Inscrivez-vous gratuitement
pour pouvoir participer, suivre les réponses en temps réel, voter pour les messages, poser vos propres questions et recevoir la newsletter

  1. #1
    Chroniqueur Actualités

    Homme Profil pro
    Consultant informatique
    Inscrit en
    avril 2018
    Messages
    404
    Détails du profil
    Informations personnelles :
    Sexe : Homme
    Localisation : Côte d'Ivoire

    Informations professionnelles :
    Activité : Consultant informatique
    Secteur : High Tech - Éditeur de logiciels

    Informations forums :
    Inscription : avril 2018
    Messages : 404
    Points : 13 896
    Points
    13 896

    Par défaut Le responsable de logiciel d'une banque chinoise emprisonné pour avoir trouvé le moyen de retirer 1 million $

    Le responsable de logiciel d'une banque chinoise emprisonné après avoir trouvé le moyen de retirer 1 million $ US « gratuits »
    Aux distributeurs

    Qin Qisheng, le programmeur en chef d'une banque chinoise a été condamné en décembre dernier à une peine de 10 ans et demi pour avoir mis au point un moyen de retirer plus d'un million de dollars US en espèces « gratuits » aux guichets automatiques. Le développeur de 43 ans, ancien directeur du centre de développement technologique de la Huaxia Bank à Pékin, a découvert une faille dans le système d'exploitation central de la banque, qui ne permettait pas l’enregistrement des retraits d'espèces effectués vers minuit.

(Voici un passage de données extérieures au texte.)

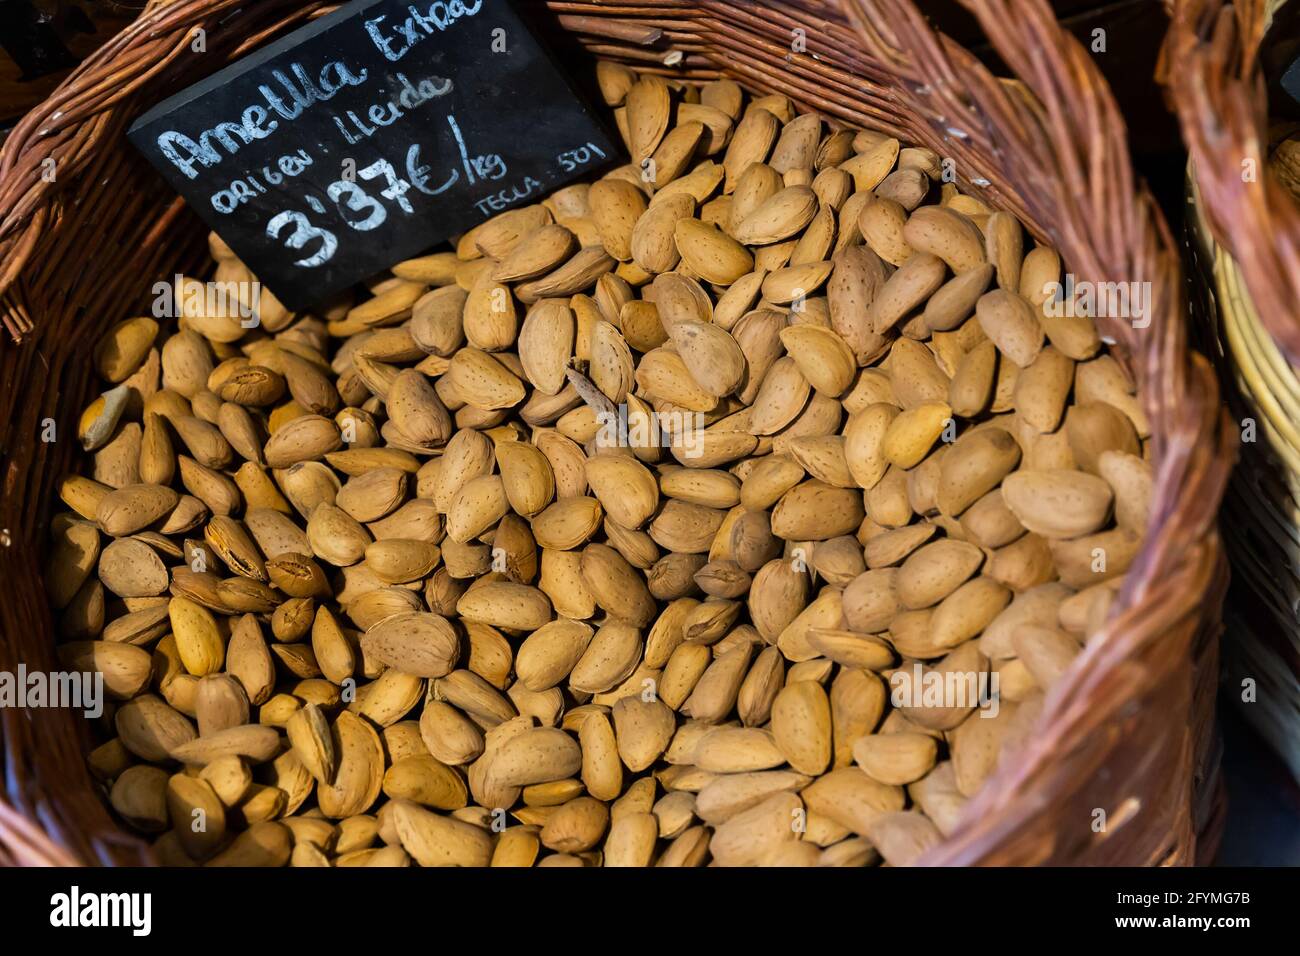 Closeup of dried almonds in shell in wicker basket with price tag in Catalan  for sale on market Stock Photo - Alamy

    Selon le développeur, son action avait simplement pour but d’essayer de tester la sécurité interne de la banque et que l'argent qu'il a retiré reposait simplement sur son propre compte avant qu'il ne le rende à ses employeurs. La banque (son employeur) avait accepté son explication, par contre les autorités n'ont pas accepté cette explication et ont confirmé la condamnation de Qin pour vol lors d’un dernier appel en décembre dernier, selon un article de South China Morning Post.

    Nom : Qin.jpg
Affichages : 4199
Taille : 17,6 Ko

    Les vols dans les établissements bancaires sont souvent dus aux vulnérabilités dans leurs logiciels de base. Une erreur de frappe dans une instruction de virement bancaire a permis d’arrêter le vol de près d’un milliard de dollars d’une banque au mois de février 2016. Les responsables de la banque affirmaient que les pirates ont tout de même réussi à voler plus de 80 millions de dollars avant de se voir faire stopper leur manœuvre. Les attaquants ont exploité une faille du logiciel de messagerie de SWIFT de la Banque centrale du Bangladesh pour dissimuler leur forfait.

    Les investigations menées par BAE Systems et SWIFT suite au vol sans précédent de la banque centrale du Bangladesh ont pu démontrer que le système financier est plus vulnérable qu’il ne l’a jamais été, à cause d’une faille du logiciel de SWIFT installé sur le serveur des banques que les attaquants ont réussi à exploiter. Le logiciel en question installé sur les serveurs des banques est Alliance Access, un logiciel utilisé pour interfacer la plateforme de messagerie de SWIFT. Les attaquants auraient réussi à trafiquer ce logiciel de sorte à dissimuler les trafics frauduleux qu’ils ont effectués.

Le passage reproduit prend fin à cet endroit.